++++ Information shown ++++

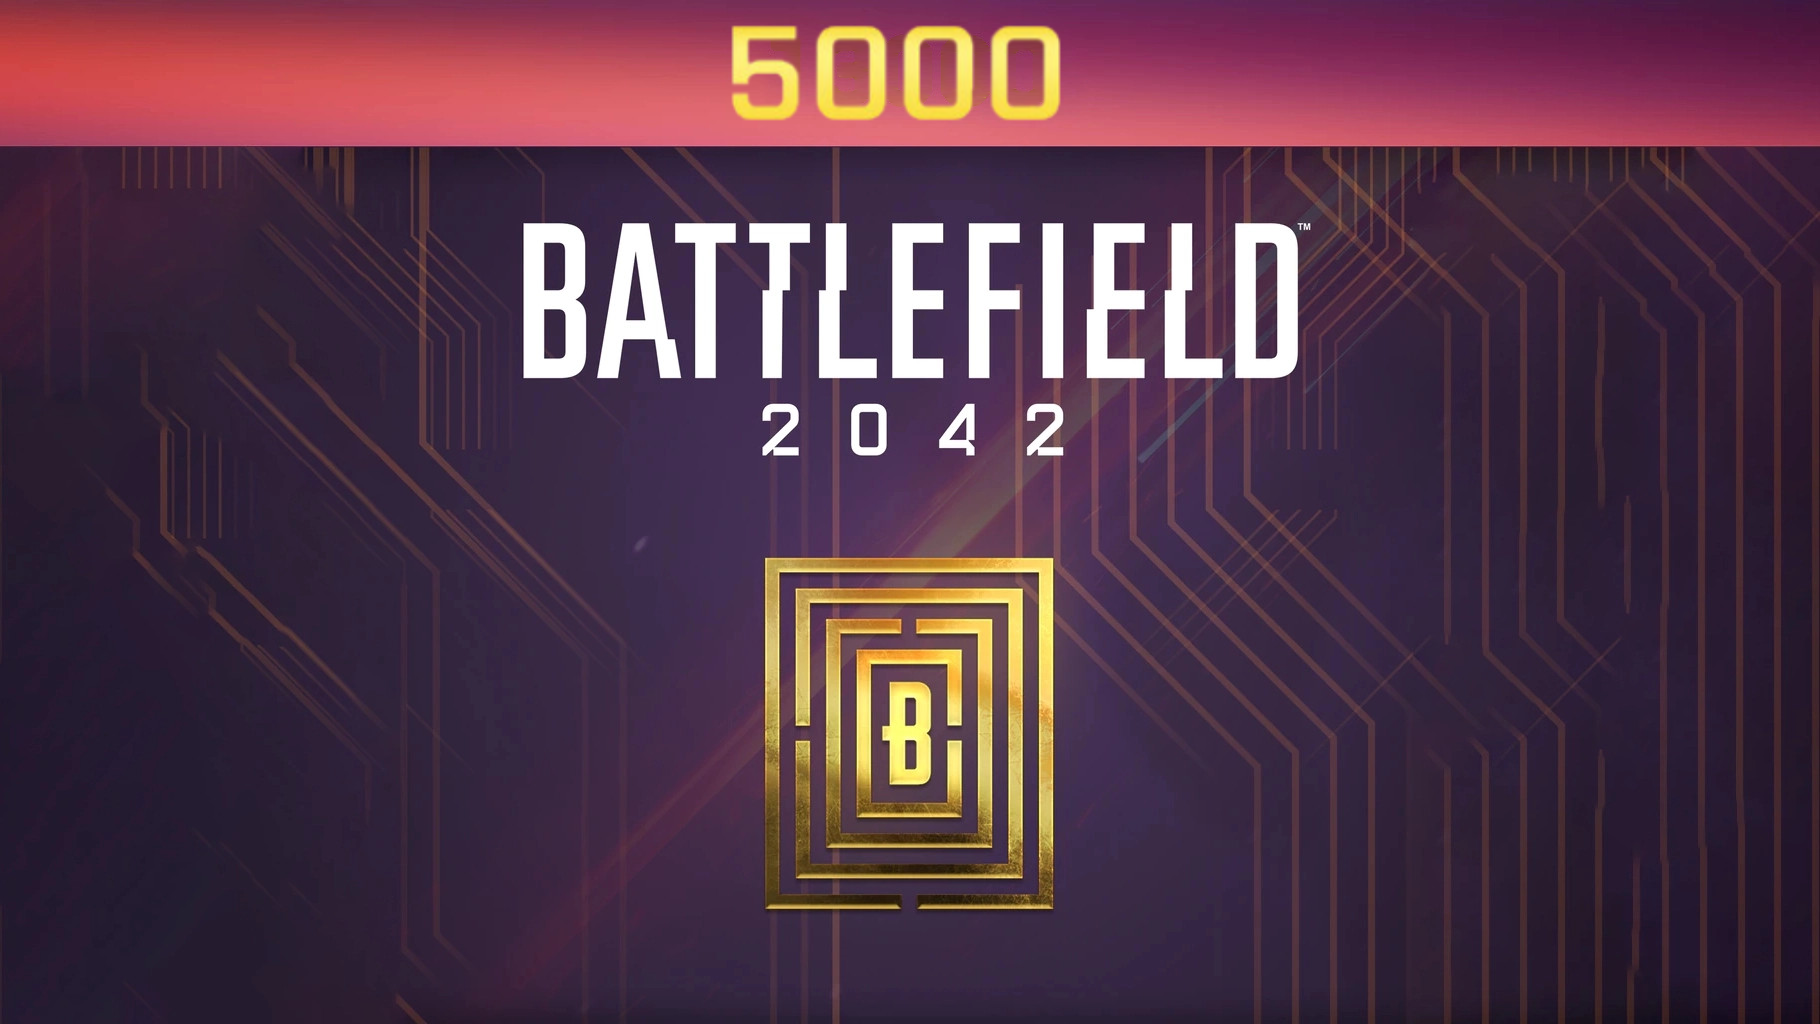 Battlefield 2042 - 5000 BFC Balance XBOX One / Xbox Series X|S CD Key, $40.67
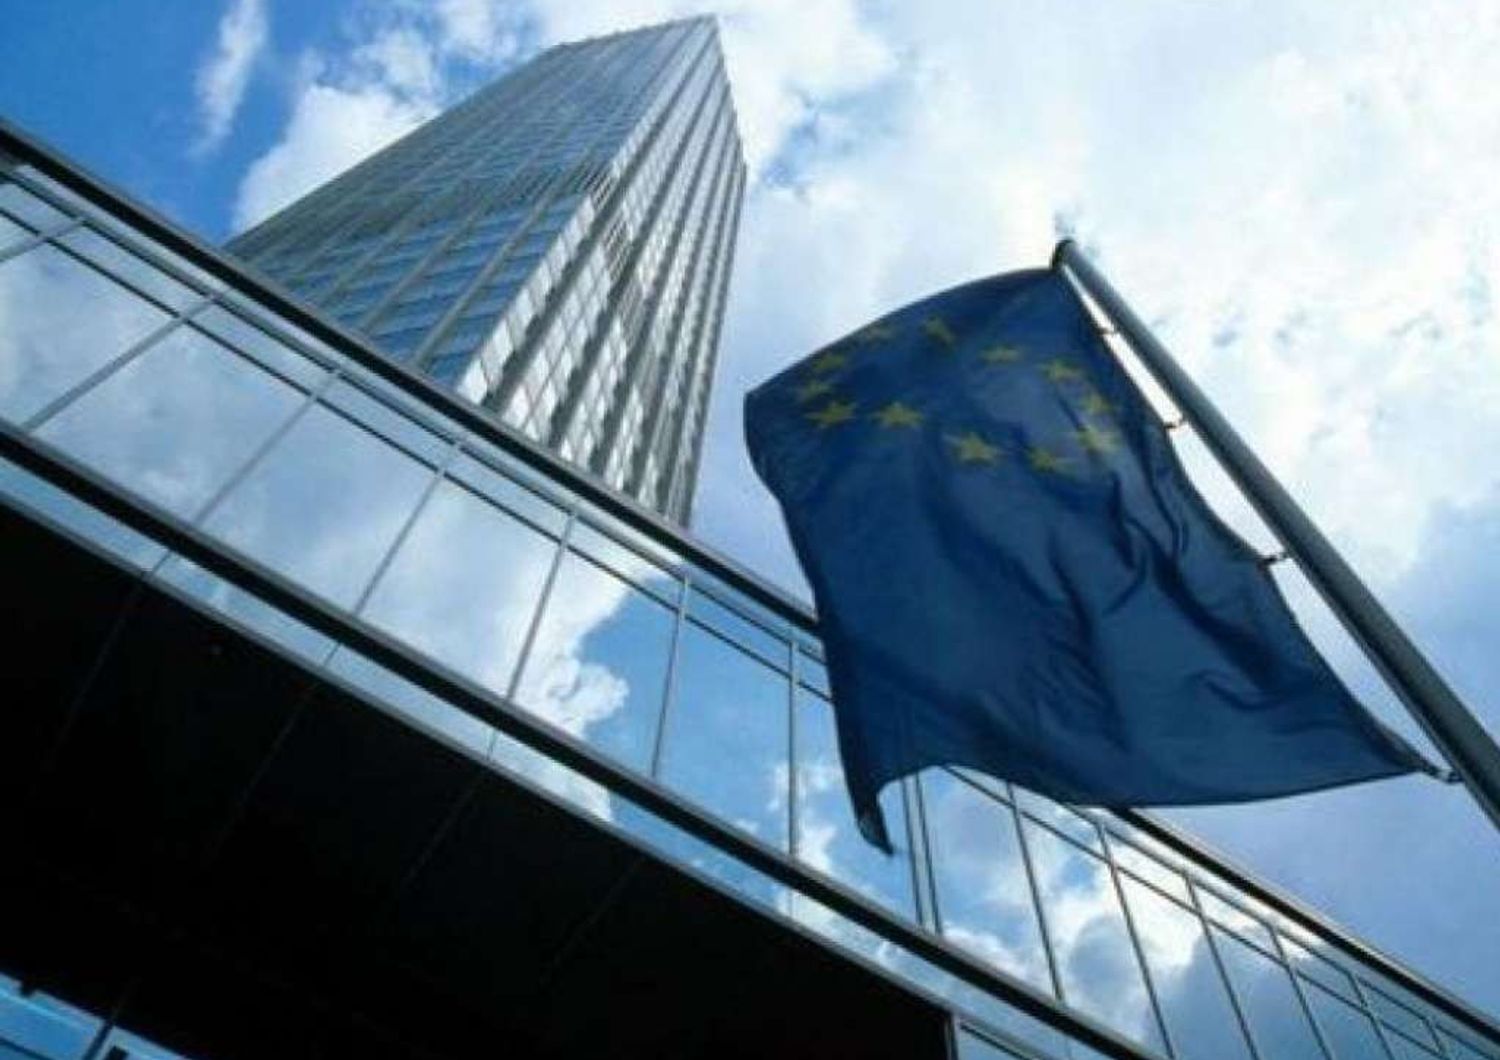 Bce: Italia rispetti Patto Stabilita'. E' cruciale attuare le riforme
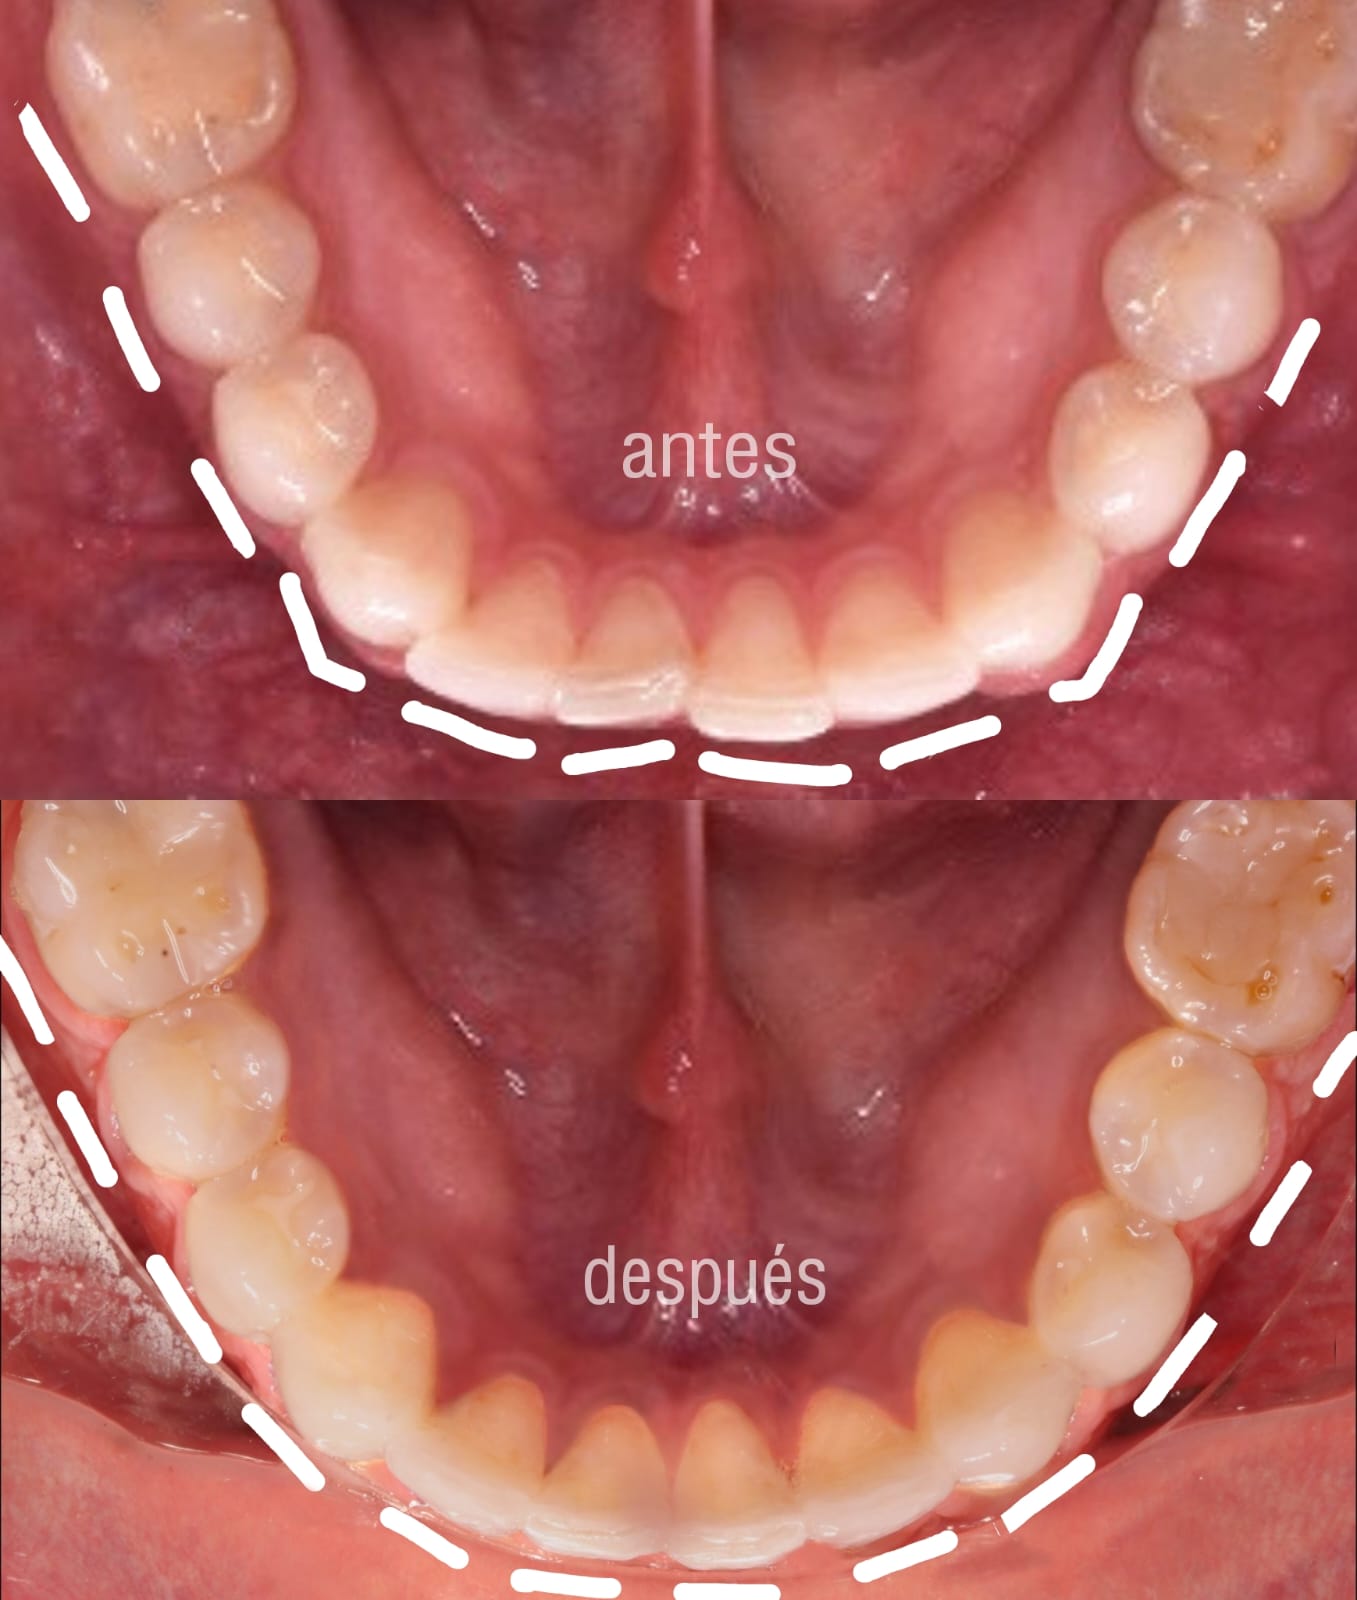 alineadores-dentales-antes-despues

++++

* **What to work on**
Return only the lines from the one that contains "Bce: Italia rispetti" through the closing line of the data, inclusive, reproduced exactly and with every picture left out.

* **Result for this task**
 Bce: Italia rispetti Patto Stabilita'. E' cruciale attuare le riforme
 alineadores-dentales-antes-despues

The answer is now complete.